Final schwa is realized more frequently in clitics than in full words. Smith & Pater analyze this difference as following from the schwa being underlying in the clitic, whereas it is epenthetic in word-final position, consequently Max favors realization of schwa in clitics, but not word-finally, whereas Dep penalizes realization of word-final schwa, but not clitic-final schwa (e.g. (24) vs. (25)).
Schwa is realized more frequently in the context CC_C, where it is preceded by two consonants, than in C_C, where it is preceded by only one. This is attributed to a constraint *CCC, which penalizes the triconsonantal cluster that results from non-realization of schwa in the former context ((28) ), but not the latter ((26) ).
Schwa is also realized more frequently when the following word is a monosyllable rather than a disyllable (bɔtə'ʒon > bɔtəʃin'waz). Smith & Pater attribute this to clash avoidance: since stress falls on the last non-schwa vowel in a word, non-realization of schwa results in adjacent stressed syllables when the following word is a monosyllable (['bɔt'ʒon]), but not if it is a disyllable (or longer) (['bɔtʃin'waz]), e.g. (26) vs. (25). Adjacent stressed syllables are penalized by *Clash.
- /ə/, C_σσ́
- /∅/, C_σσ́
- /∅/, C_σ́
- /∅/, CC_σσ́
- /∅/, CC_σ́
Smith & Pater’s data set provides a good testing ground for distinguishing MaxEnt from NHG because the factorial design of the experiment allows us to compare many pairs of tableaux that differ minimally in their constraint violations, and these frameworks make distinct predictions concerning the relationship between candidate probabilities across such pairs of tableaux, as is shown in the next section.
Our starting point for analysis follows Smith & Pater, but we will also consider variants of their analysis. In particular we consider analyses that eliminate redundancies from their constraint set. For example, Smith & Pater follow standard practice in positing separate Dep and Max constraints, so clitics and words are always differentiated by both of these constraints (clitics without schwa violate Max while words without schwa do not, and words with schwa violate Dep while clitics with schwa do not, e.g. (24) vs. (25)). This redundancy can be eliminated by replacing these two constraints by a single constraint that penalizes correspondence between schwa and zero, whether that correspondence results from epenthesis or deletion. We will also consider an expanded constraint set, motivated by the failure of the initial constraint set to account for all of the patterns observed in the data.

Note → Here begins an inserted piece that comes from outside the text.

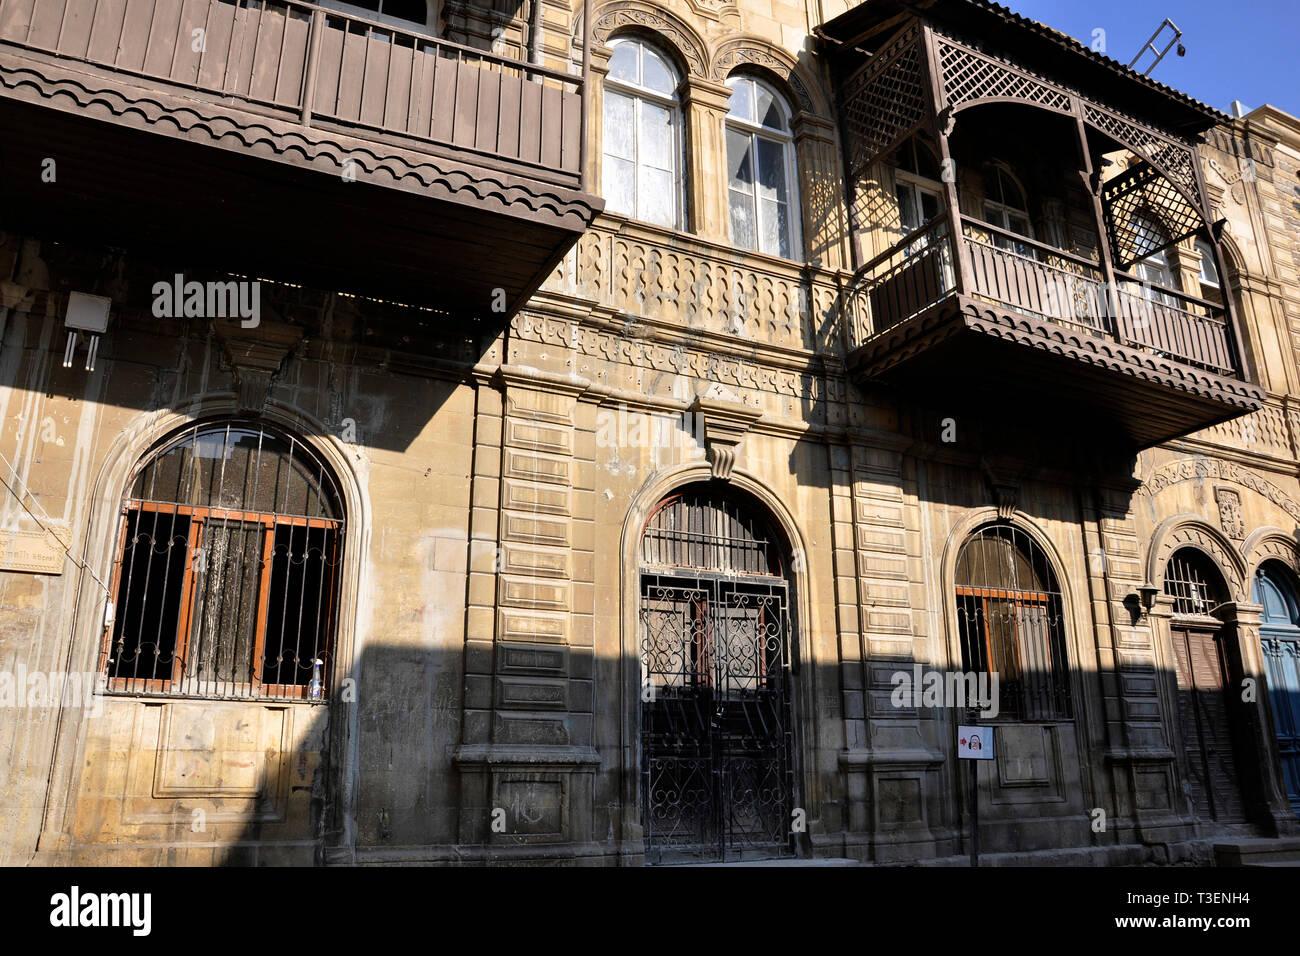 Azerbaijan, Baku, old town - Stock Image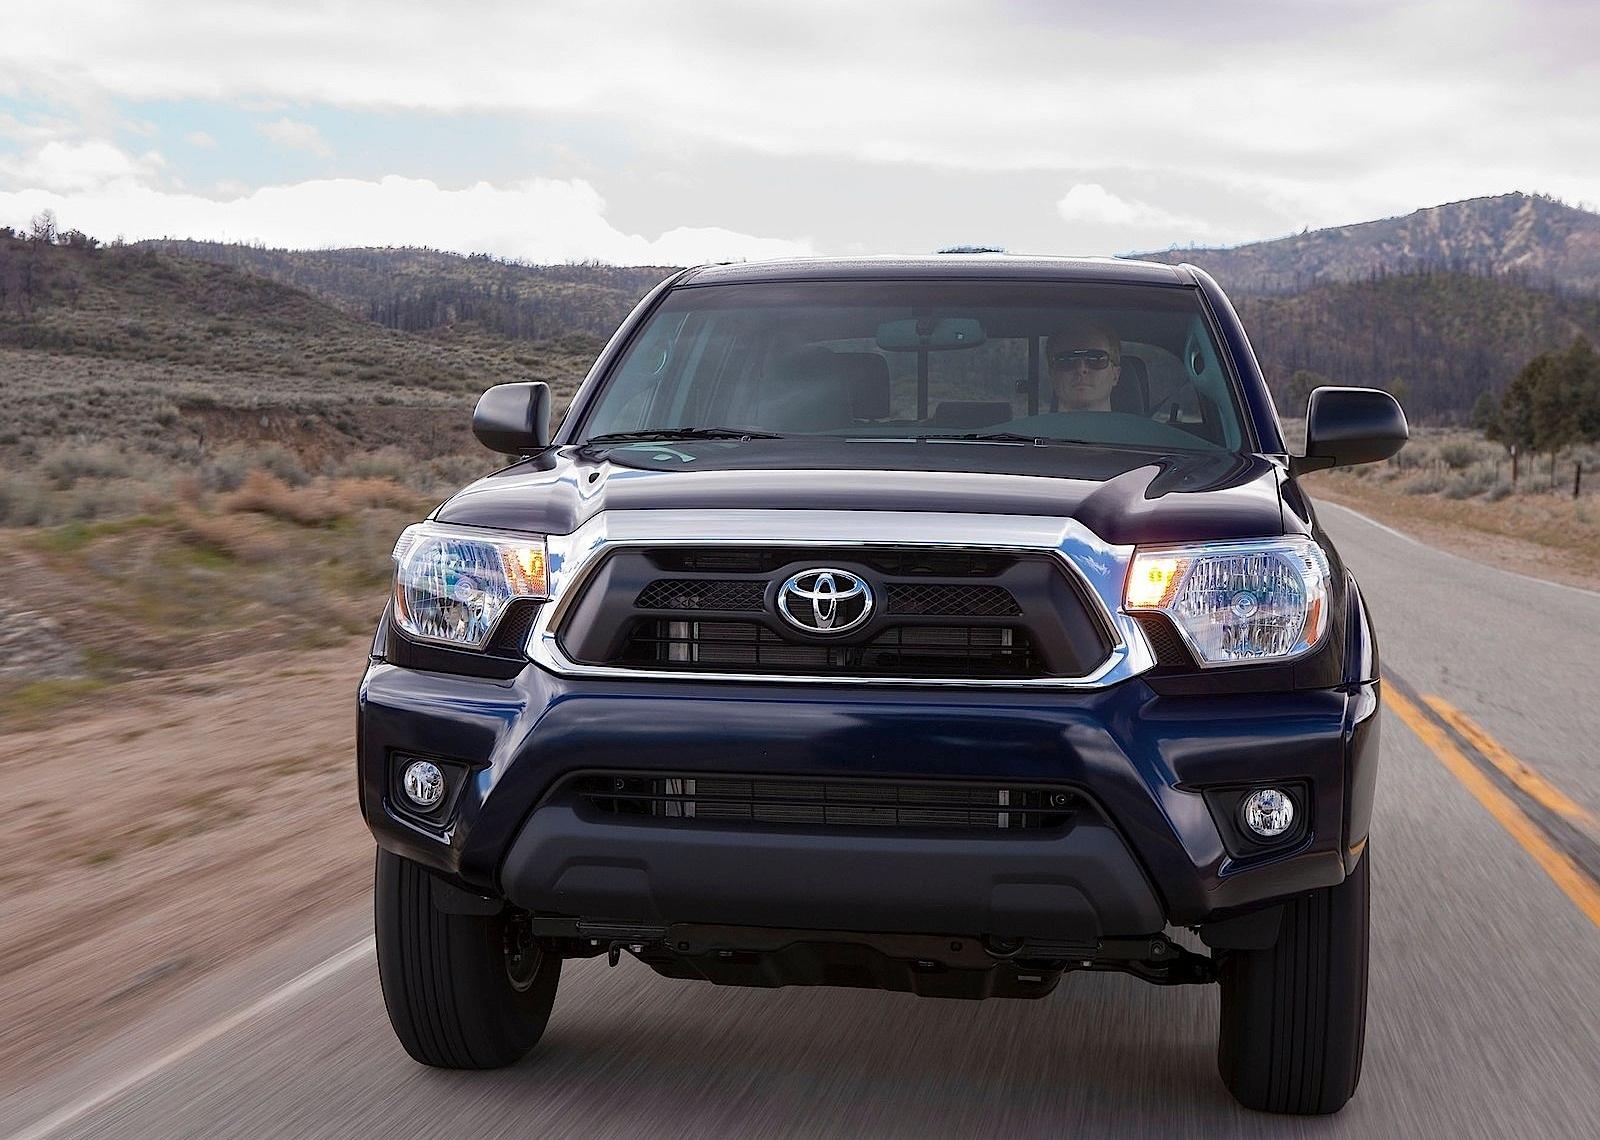 2015 Toyota Supra Price >> TOYOTA Tacoma Double Cab specs & photos - 2011, 2012, 2013 ...

These alternative constraint sets encompass some competing analyses of the distribution of schwa in French. For example, it has been argued that schwa at clitic boundaries is epenthetic just like schwa at word boundaries (e.g. Côté 2000), in which case Max cannot be used to account for the higher rate of realization of schwa at clitic boundaries. Côté proposes that this effect is instead due to a constraint requiring ‘every morpheme to conform to a minimal CV form’ (p.108). This constraint would take the place of Max in the tableaux presented here, with exactly the same pattern of violations, but Dep violations would no longer differentiate words from clitics, so these contexts are distinguished by violations of a single constraint under this analysis. For the data under consideration here, this analysis makes exactly the same predictions as the variant of Smith & Pater’s analysis that collapses Max and Dep into a single constraint.
We will now use Smith & Pater’s data and analysis to illustrate the implications of the difference between MaxEnt and NHG demonstrated in section 5.
7. The effect on candidate probabilities of adding constraint violations
The implications of the difference between MaxEnt and NHG can be seen by considering the effect of adding or subtracting constraint violations from a tableau. We will see that in MaxEnt a given change in constraint violations always has the same effect on logit(Pcand), regardless of what other constraint violations are present in the tableau, whereas in NHG the effect of a change in constraint violations on probit(Pcand) depends on the violation pattern in the whole tableau.
7.1 Maxent grammar
Consider a tableau with two candidates a and b with harmonies ha and hb, and a second tableau which is identical except candidate b incurs an additional violation of one constraint. This additional violation means that the harmony of candidate b is hb – w, where w is the weight of the violated constraint. Given the analysis of MaxEnt grammar in the previous section (10), we know that in tableau one, logit(Pa) = ha – hb, and in tableau two, logit(Pa) = ha – (hb – w) = ha – hb + w. In other words, adding a constraint violation to candidate b increases the harmony difference by the weight of that constraint, w, and thus increases logit(Pa) by the same amount. Crucially this result is independent of all of the other constraint violations in the pair of tableaux, as long as they are the same in both tableaux. So MaxEnt predicts that adding a constraint violation to a tableau will always have the same effect on logit(Pa).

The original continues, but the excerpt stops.